═════ Data section ═════

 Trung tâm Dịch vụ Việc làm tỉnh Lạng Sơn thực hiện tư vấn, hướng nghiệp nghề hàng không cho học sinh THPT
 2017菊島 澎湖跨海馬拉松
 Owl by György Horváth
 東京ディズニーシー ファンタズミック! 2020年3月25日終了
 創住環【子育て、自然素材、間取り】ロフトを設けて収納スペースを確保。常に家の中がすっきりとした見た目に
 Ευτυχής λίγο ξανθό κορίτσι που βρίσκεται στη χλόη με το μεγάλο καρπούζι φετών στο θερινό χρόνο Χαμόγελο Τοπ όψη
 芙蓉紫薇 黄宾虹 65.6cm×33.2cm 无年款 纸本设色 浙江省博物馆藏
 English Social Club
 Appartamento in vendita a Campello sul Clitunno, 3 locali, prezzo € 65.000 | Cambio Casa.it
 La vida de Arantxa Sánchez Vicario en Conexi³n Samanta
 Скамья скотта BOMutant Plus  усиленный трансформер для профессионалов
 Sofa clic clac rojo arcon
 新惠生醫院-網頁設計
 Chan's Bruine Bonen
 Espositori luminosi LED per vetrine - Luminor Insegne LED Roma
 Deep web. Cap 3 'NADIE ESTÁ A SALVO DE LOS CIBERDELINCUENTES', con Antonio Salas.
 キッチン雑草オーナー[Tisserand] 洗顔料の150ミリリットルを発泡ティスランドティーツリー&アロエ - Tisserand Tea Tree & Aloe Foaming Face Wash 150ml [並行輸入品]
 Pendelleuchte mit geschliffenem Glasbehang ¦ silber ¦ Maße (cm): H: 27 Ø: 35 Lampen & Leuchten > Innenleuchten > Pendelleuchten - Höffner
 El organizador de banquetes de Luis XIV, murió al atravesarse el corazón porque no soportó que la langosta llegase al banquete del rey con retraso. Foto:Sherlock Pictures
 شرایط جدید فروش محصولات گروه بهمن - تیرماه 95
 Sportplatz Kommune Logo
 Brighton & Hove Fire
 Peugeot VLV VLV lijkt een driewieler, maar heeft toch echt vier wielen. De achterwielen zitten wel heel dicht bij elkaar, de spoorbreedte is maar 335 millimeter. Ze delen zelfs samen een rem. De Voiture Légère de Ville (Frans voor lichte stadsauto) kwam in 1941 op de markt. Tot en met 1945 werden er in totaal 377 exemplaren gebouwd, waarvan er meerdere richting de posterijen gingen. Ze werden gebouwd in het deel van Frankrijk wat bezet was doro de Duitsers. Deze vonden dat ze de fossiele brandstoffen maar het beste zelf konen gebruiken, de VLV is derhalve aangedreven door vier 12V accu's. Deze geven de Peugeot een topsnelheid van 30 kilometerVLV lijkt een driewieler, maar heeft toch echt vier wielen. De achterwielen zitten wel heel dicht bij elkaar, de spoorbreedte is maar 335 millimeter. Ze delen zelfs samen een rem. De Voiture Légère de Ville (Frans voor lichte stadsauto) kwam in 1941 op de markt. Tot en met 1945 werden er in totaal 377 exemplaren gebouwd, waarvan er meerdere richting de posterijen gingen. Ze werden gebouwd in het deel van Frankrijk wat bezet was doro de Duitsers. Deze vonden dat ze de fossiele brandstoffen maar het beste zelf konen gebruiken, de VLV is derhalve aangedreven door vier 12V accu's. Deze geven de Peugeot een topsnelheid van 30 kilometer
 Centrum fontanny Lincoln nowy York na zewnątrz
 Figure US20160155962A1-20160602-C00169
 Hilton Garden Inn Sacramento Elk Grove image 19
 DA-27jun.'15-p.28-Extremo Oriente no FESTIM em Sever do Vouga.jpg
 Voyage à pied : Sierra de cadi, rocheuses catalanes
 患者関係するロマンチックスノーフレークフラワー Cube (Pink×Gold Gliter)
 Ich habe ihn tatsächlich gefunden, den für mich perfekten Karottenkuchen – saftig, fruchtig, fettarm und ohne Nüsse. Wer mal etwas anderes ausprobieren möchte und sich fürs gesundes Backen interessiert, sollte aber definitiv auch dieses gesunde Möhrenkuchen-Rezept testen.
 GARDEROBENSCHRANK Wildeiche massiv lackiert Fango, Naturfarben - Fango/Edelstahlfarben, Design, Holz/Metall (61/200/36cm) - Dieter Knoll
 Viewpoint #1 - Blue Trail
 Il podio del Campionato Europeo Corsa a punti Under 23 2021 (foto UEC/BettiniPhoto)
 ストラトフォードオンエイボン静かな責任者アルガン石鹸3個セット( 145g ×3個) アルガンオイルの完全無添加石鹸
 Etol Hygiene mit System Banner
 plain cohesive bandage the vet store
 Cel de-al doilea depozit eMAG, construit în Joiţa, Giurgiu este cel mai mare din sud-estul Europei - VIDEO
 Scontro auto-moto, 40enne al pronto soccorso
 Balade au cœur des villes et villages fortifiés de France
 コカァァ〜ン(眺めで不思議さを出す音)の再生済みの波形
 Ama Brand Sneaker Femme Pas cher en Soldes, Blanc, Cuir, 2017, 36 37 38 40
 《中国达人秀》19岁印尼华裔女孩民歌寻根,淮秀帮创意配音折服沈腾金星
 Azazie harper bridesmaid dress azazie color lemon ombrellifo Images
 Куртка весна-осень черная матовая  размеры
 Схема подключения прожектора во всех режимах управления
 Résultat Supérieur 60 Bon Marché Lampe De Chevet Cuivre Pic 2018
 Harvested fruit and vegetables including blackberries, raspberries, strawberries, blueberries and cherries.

═════

§ **Task description**
Word for word, set down the lines from the beginning of the records through the line that holds "La vida de Arantxa". Leave out the rest.

§ **Solution to this exercise**
 Trung tâm Dịch vụ Việc làm tỉnh Lạng Sơn thực hiện tư vấn, hướng nghiệp nghề hàng không cho học sinh THPT
 2017菊島 澎湖跨海馬拉松
 Owl by György Horváth
 東京ディズニーシー ファンタズミック! 2020年3月25日終了
 創住環【子育て、自然素材、間取り】ロフトを設けて収納スペースを確保。常に家の中がすっきりとした見た目に
 Ευτυχής λίγο ξανθό κορίτσι που βρίσκεται στη χλόη με το μεγάλο καρπούζι φετών στο θερινό χρόνο Χαμόγελο Τοπ όψη
 芙蓉紫薇 黄宾虹 65.6cm×33.2cm 无年款 纸本设色 浙江省博物馆藏
 English Social Club
 Appartamento in vendita a Campello sul Clitunno, 3 locali, prezzo € 65.000 | Cambio Casa.it
 La vida de Arantxa Sánchez Vicario en Conexi³n Samanta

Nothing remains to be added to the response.